⟨

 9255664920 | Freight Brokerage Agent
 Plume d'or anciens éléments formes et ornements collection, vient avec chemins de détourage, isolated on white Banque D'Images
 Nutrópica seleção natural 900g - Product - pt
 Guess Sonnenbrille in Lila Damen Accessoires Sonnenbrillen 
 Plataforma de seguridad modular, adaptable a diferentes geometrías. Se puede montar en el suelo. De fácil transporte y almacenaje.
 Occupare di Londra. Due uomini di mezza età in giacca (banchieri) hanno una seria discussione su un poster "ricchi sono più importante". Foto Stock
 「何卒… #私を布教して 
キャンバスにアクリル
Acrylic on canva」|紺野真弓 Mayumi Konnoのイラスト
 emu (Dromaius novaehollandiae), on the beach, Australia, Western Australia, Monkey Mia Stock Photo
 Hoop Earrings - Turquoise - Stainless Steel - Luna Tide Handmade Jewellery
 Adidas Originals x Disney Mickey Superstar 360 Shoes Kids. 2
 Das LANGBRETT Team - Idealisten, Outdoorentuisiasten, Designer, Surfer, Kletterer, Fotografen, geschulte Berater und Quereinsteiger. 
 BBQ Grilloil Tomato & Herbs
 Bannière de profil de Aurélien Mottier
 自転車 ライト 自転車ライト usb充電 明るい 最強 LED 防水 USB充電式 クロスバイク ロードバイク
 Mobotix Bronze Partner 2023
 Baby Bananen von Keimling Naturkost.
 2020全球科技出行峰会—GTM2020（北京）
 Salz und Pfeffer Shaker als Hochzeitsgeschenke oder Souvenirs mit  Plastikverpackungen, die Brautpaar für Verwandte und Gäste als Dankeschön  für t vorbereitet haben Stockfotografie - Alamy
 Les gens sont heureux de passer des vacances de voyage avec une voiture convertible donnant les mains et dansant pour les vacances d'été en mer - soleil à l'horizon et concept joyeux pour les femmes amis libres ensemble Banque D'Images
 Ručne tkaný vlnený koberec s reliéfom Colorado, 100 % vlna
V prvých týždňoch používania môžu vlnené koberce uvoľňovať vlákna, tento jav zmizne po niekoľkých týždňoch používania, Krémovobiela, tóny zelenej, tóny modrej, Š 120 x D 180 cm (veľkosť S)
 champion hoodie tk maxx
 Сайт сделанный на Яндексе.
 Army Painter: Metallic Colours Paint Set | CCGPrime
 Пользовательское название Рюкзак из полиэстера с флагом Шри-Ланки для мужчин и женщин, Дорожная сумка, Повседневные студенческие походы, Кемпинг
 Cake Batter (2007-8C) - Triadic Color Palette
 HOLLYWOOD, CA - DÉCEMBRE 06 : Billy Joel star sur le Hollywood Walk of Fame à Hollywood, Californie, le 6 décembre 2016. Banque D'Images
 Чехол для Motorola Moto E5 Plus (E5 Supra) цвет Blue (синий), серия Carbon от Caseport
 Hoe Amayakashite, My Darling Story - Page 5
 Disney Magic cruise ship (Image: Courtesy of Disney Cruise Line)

⟩

Goal of the exercise:
Repeat exactly the lines from the first line of the records above through the line containing "Das LANGBRETT Team", both included, and nothing else.

Answer section:
 9255664920 | Freight Brokerage Agent
 Plume d'or anciens éléments formes et ornements collection, vient avec chemins de détourage, isolated on white Banque D'Images
 Nutrópica seleção natural 900g - Product - pt
 Guess Sonnenbrille in Lila Damen Accessoires Sonnenbrillen 
 Plataforma de seguridad modular, adaptable a diferentes geometrías. Se puede montar en el suelo. De fácil transporte y almacenaje.
 Occupare di Londra. Due uomini di mezza età in giacca (banchieri) hanno una seria discussione su un poster "ricchi sono più importante". Foto Stock
 「何卒… #私を布教して 
キャンバスにアクリル
Acrylic on canva」|紺野真弓 Mayumi Konnoのイラスト
 emu (Dromaius novaehollandiae), on the beach, Australia, Western Australia, Monkey Mia Stock Photo
 Hoop Earrings - Turquoise - Stainless Steel - Luna Tide Handmade Jewellery
 Adidas Originals x Disney Mickey Superstar 360 Shoes Kids. 2
 Das LANGBRETT Team - Idealisten, Outdoorentuisiasten, Designer, Surfer, Kletterer, Fotografen, geschulte Berater und Quereinsteiger. 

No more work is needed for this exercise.